Tidak bisa dipungkiri, faktor finansial menjadi salah satu unsur yang turut membentuk kebahagiaan hidup manusia. Tidak selalu terkait dengan besaran nominal, namun lebih kepada sikap terhadap situasi finansial tersebut. Misalnya, dalam contoh adanya perbedaan status sosial ekonomi yang sangat mencolok antara calon pengantin laki-laki dan calon pengantin perempuan, bisakah mereka membentuk keluarga rukun dan bahagia? Baik pihak lelaki yang lebih tinggi secara sosial ekonomi, ataupun pihak perempuan yang lebih tinggi. Apakah ada keharusan dan ketentuan dalam ajaran agama terkait tingkat sosial ekonomi calon pengantin?

Dalam fiqih munakahat, dikenal ada ajaran tentang kufu atau kafa’ah, yaitu kesesuaian antara calon pengantin laki-laki dan calon pengantin perempuan. Namun tidak ada ketentuan detail soal kufu atau kafa’ah yang mengharuskan kesetaraan dalam sisi sosial ekonomi antara calon pengantin lelaki dan perempuan. Misalnya, lelaki kaya raya harus mendapatkan perempuan kaya raya. Atau lelaki tidak mampu harus mendapatkan perempuan tidak mampu. Tidak ada keharusan seperti itu.

Oleh karena itu, secara pandangan agama, tidak ada halangan bagi lelaki dan perempuan yang memiliki perbedaan tingkat sosial ekonomi untuk menikah. Kerelaan dan kesediaan kedua belah pihak atas realitas adanya perbedaan itu, menjadi sangat penting sebelum mereka memutuskan menikah. Sehingga dari awal proses, kedua belah pihak sudah mengetahui realitas adanya perbedaan yang mencolok tersebut. Saat memutuskan untuk menikah, sudah mengerti konsekuensi yang akan muncul di kelak kemudian hari.

Namun demikian, meskipun tidak ada halangan syar’i untuk menikah, hendaknya kondisi tersebut dipertimbangkan masak-masak oleh pihak laki-laki dan pihak perempuan. Ketika mereka secara mantap memutuskam untuk menikah, harus  disertai dengan persiapan lebih matang. Karena peluang muncul masalah dalam situasi perbedaan status ekonomi seperti itu sudah terbayang di depan mata. Misalnya saja, terkait gaya hidup masing-masing yang sangat jauh berbeda sebelum menikah.

Adaptasi dan Titik Temu

Gaya hidup bukanlah hal yang mudah untuk berubah. Seorang perempuan yang hidup dari kalangan keluarga menengah ke atas, terbiasa makan di restoran mewah, tidur di hotel berbintang, mengenakan mobil mewah kemanapun pergi, biasa berlibur ke Eropa dan Amerika, naik pesawat terbang kelas eksekutif bersama orang tuanya, tentu membentuk sebuah gaya hidup dan standar tersendiri. Seorang lelaki yang berasal dari keluarga tidak mampu, terbiasa hidup susah, makan nasi sehari sekali dengan singkong dua kali sehari, rumah tanpa keramik dan eternit, bepergian dengan bus ekonomi dan naik sepeda kayuh setiap hari, juga membantuk gaya hidup dan standar tersendiri.
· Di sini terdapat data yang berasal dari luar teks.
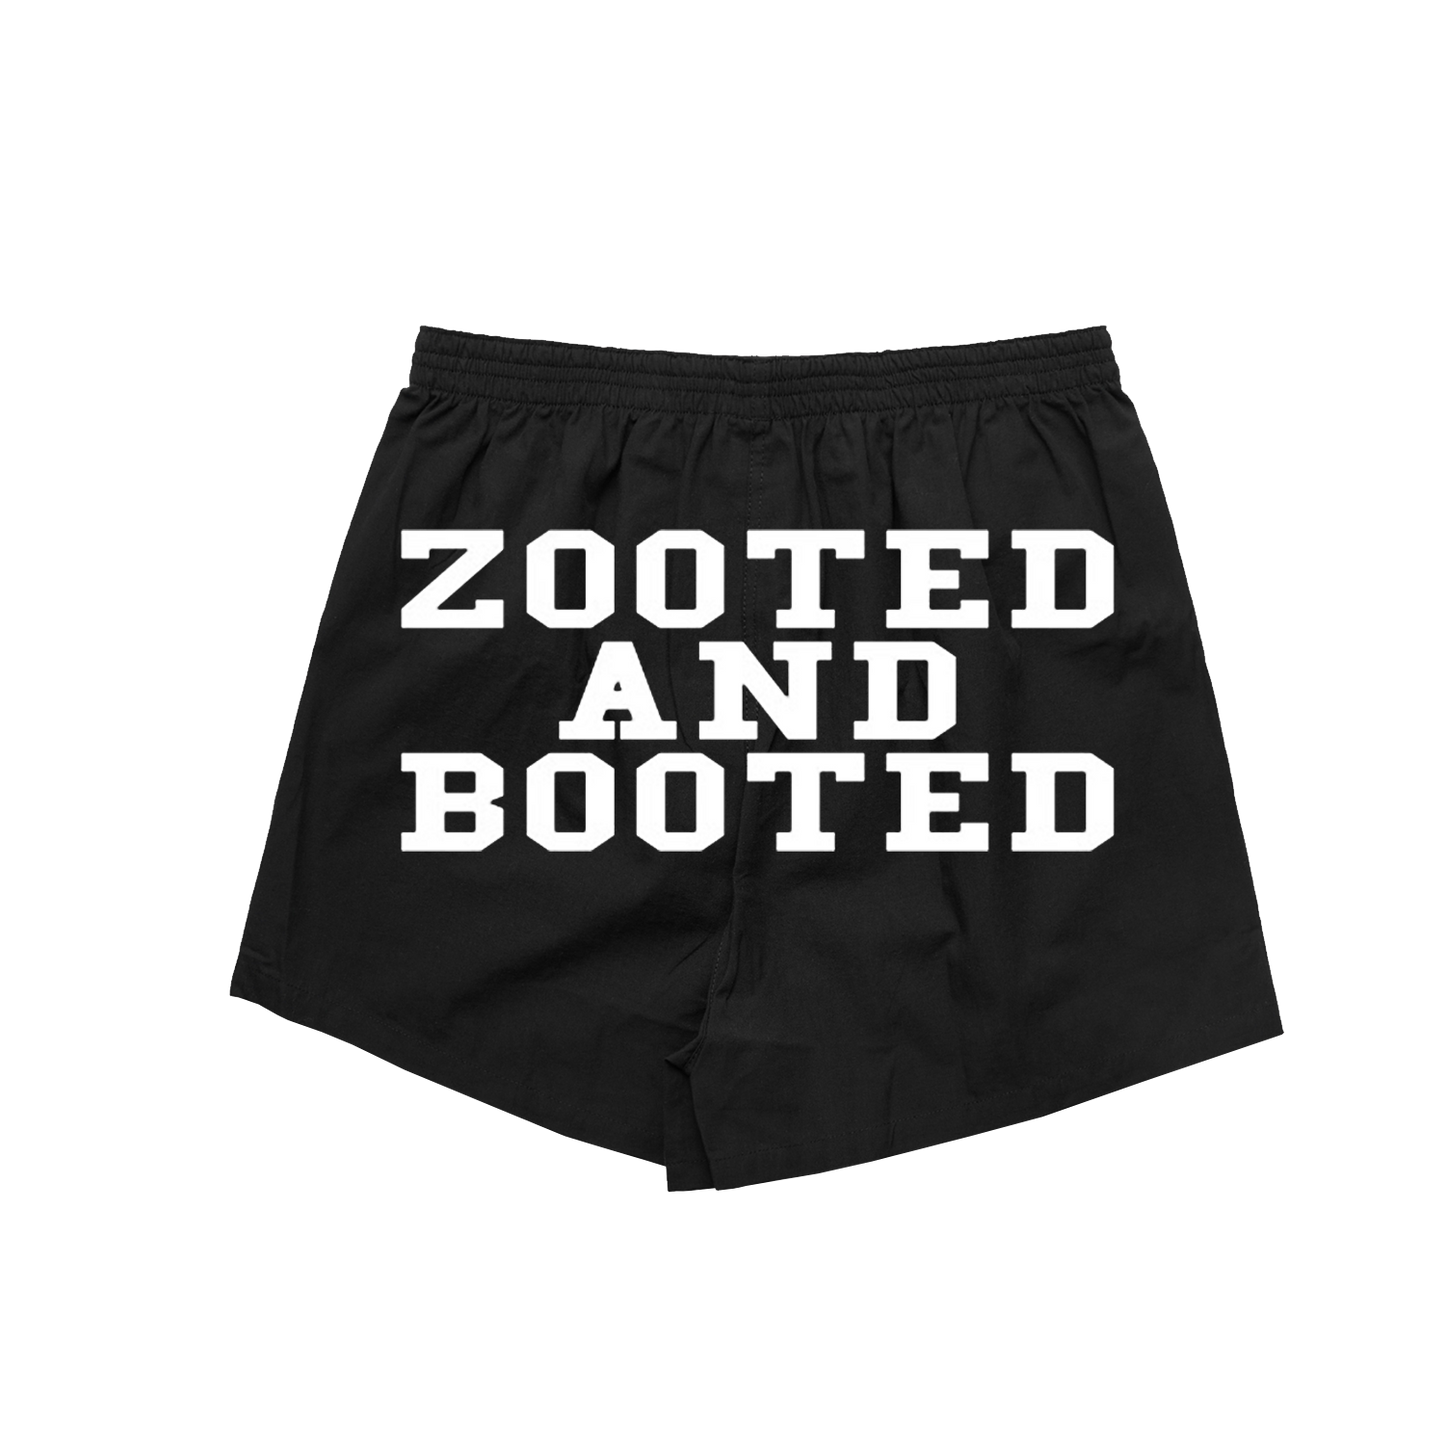 zooted and booted boxers

Perbedaan status sosial ekonomi yang sangat ekstrem pada contoh ini, bukanlah penghalang untuk melaksanakan pernikahan. Mereka berdua tetap bisa menikah dan mendapatkan kehidupan keluarga yang harmonis serta bahagia. Yang diperlukan oleh mereka berdua adalah dua hal. Pertama, sifat kelenturan dalam adaptasi. Kedua, kesediaan untuk memiliki titik temu yang melegakan kedua belah pihak.
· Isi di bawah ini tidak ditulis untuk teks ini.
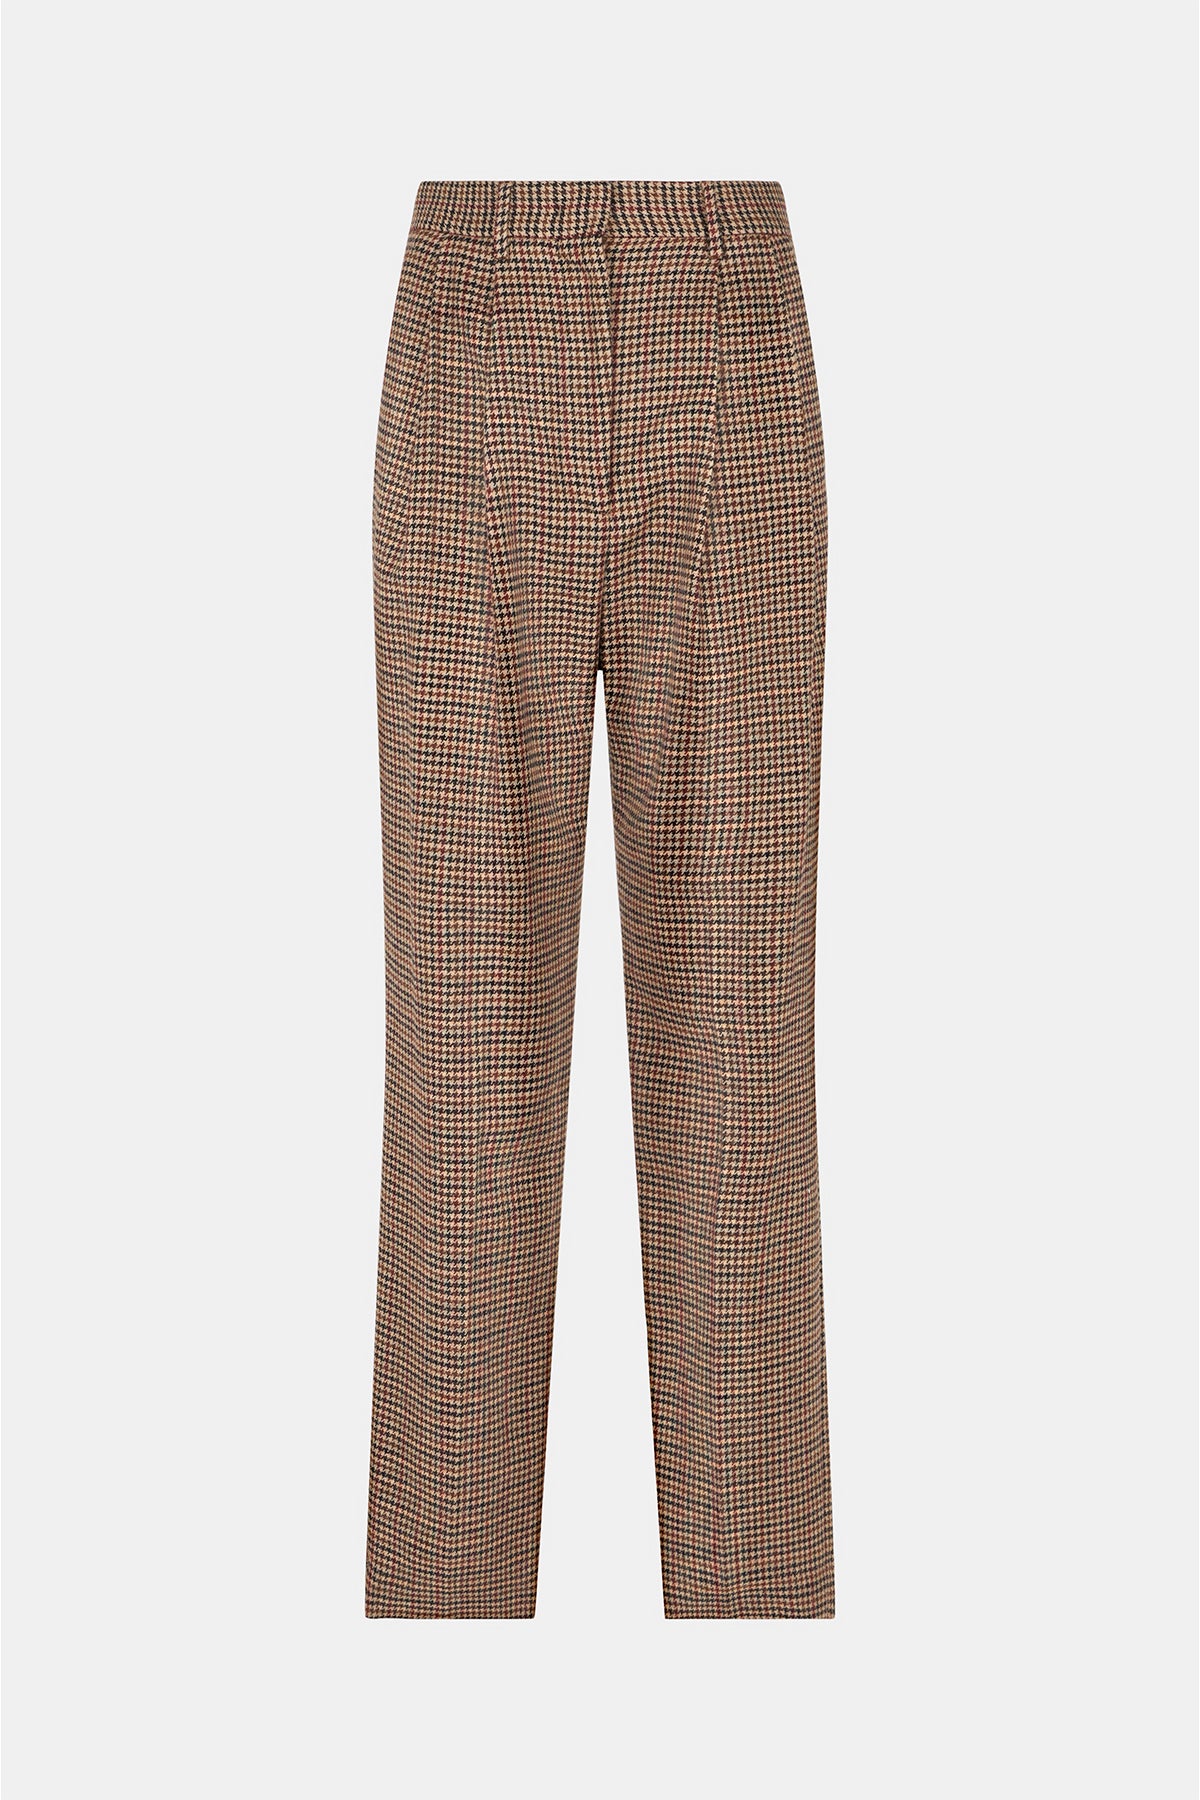 The Tailleur Trousers

Pertama, sifat kelenturan dalam adaptasi

Salah satu faktor penting untuk membangun kebahagiaan dan keharmonisan hidup berumah tangga adalah adanya sifat kelenturan dalam proses adaptasi. Menikah adalah mempertemukan dan mengelola banyak hal yang berbeda antara suami dan istri. Bukan hanya sifat, karakter, kebiasaan, namun juga gaya hidup dan standar dalam kehidupan keseharian. Kata ‘sederhana’ secara teknis bisa dipahami secara berbeda oleh orang kaya dan orang tidak mampu; karena adanya perbedaan dalam gaya hidup dan standar masing-masing.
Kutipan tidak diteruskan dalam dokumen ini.